In 2004, I lived, worked and studied in Ecuador with an excellent program called HECUA. It was a very volatile time, though Ecuador like much of Latin America is in a nearly perpetual state of crisis with only brief rests when catastrophe and revolution seem to fade momentarily into the background. Ecuador is a very divided country, with the traditional lighter skinned, Spanish and now often English speaking descendants of the colonial ruling class still holding onto economic and political power, and, despite representing a tiny minority, being hugely overrepresented in culture and media.

In recent decades there has been a revival of indigenous pride and culture, as people and communities and philosophies which have been ground under foot since Columbus and the conquistadores have awoken and demanded autonomy and respect. In Ecuador, this movement is called Pachacuti, the Quechua name of an Inca king. In 2002, the newly mobilized indigenous voters allied with urban leftists and students to elect President Lucio Gutierrez. However, Gutierrez quickly betrayed his supporters and embraced the traditional elites and foreign business interests he had won power by denouncing. He instituted World Bank ordained austerity measures and converted the Ecuadorian currency from the patriotic Sucre to the American dollar. He cracked down, hard, on the student protesters and indigenous marchers who had brought him to office. In the first week of November I witnessed, photographed and was caught up in a war on the capital city of Quito's streets between the Grupo de Operaciones Especiales with their riot gear, guns and armored cars, and students with red banners and rocks and Molotov cocktails. I came home at the end of the 2004; by April 2005 President Gutierrez had been overthrown.

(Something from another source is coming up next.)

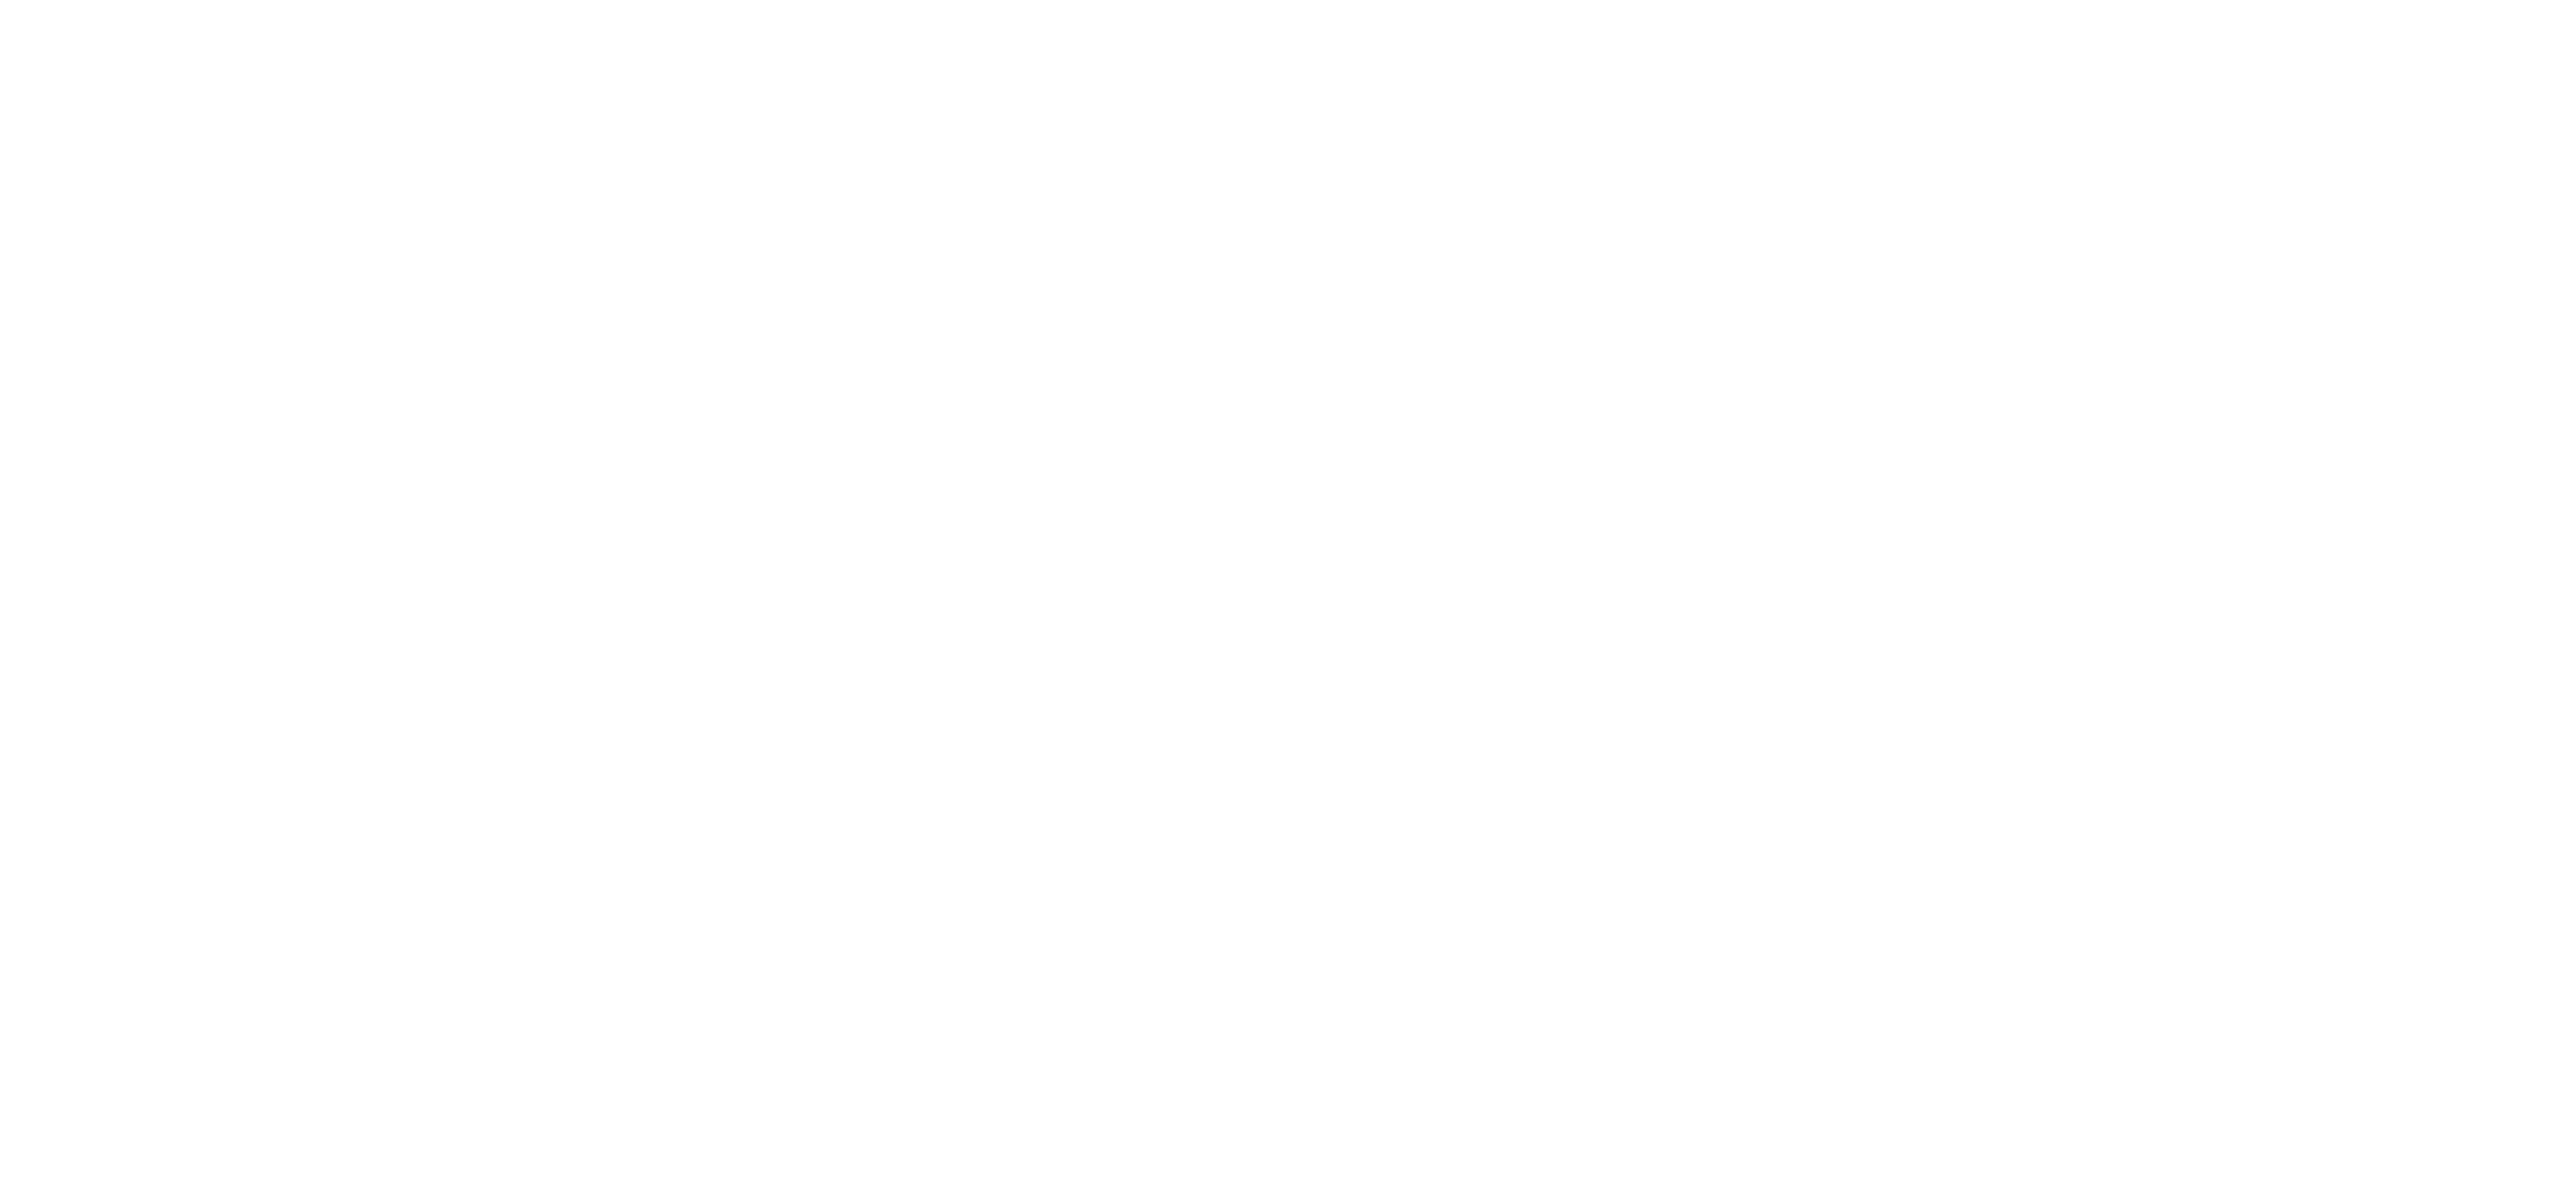 MatchMaker Mysteries: A Killer Engagement logo
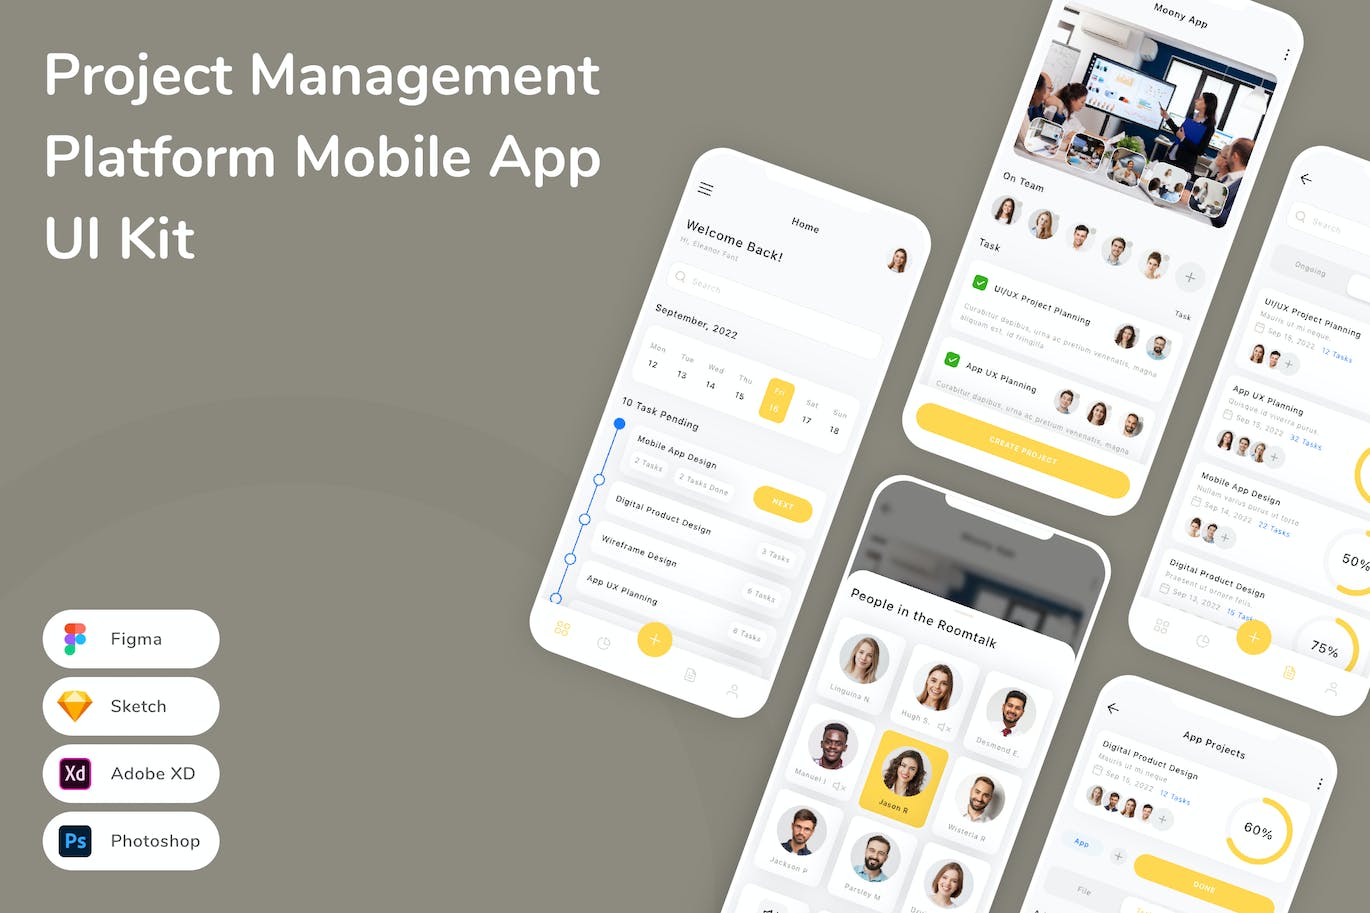 项目管理平台App手机应用程序UI设计素材 Project Management Platform Mobile App UI Kit APP UI 第1张

Making sense of this complicated and foreign scenario required many kinds of literacy. Most obviously, my ability to read and understand Spanish (much degraded since then) allowed me to understand the slogans being shouted. I knew that "Lucio sucio" meant "Dirty Lucio" and that "Quito no fue fundada por Espanoles!" is a cry of indigenous pride from the descendants of the people who were there for thousands of years before the new ruling class. Having read Las Venas Abiertas de América Latina by Eduardo Galeano, I was able to understand some of the economic history from the underclass' perspective, and why they hated Gutierrez for bowing to American interests. I was able to speak to the president of the Federación de Estudiantes Universitarios del Ecuador, the militant student union FEUE, who explained why his members where out in the street with red banners, Marxist slogans and rocks. I was able to understand the police's threats to jail, rape, murder or deport me when I was briefly kidnapped and held in an armored car during the fighting. Had I not been literate to some degree in history, in Spanish, in politics, and in basic international and domestic economics, I would have thought hell had suddenly erupted in front of the Universidad Central in Quito, and that everyone had suddenly gone mad and started fighting. It occurs to me that this is what most Americans do think when they read about third world or even inner city violence.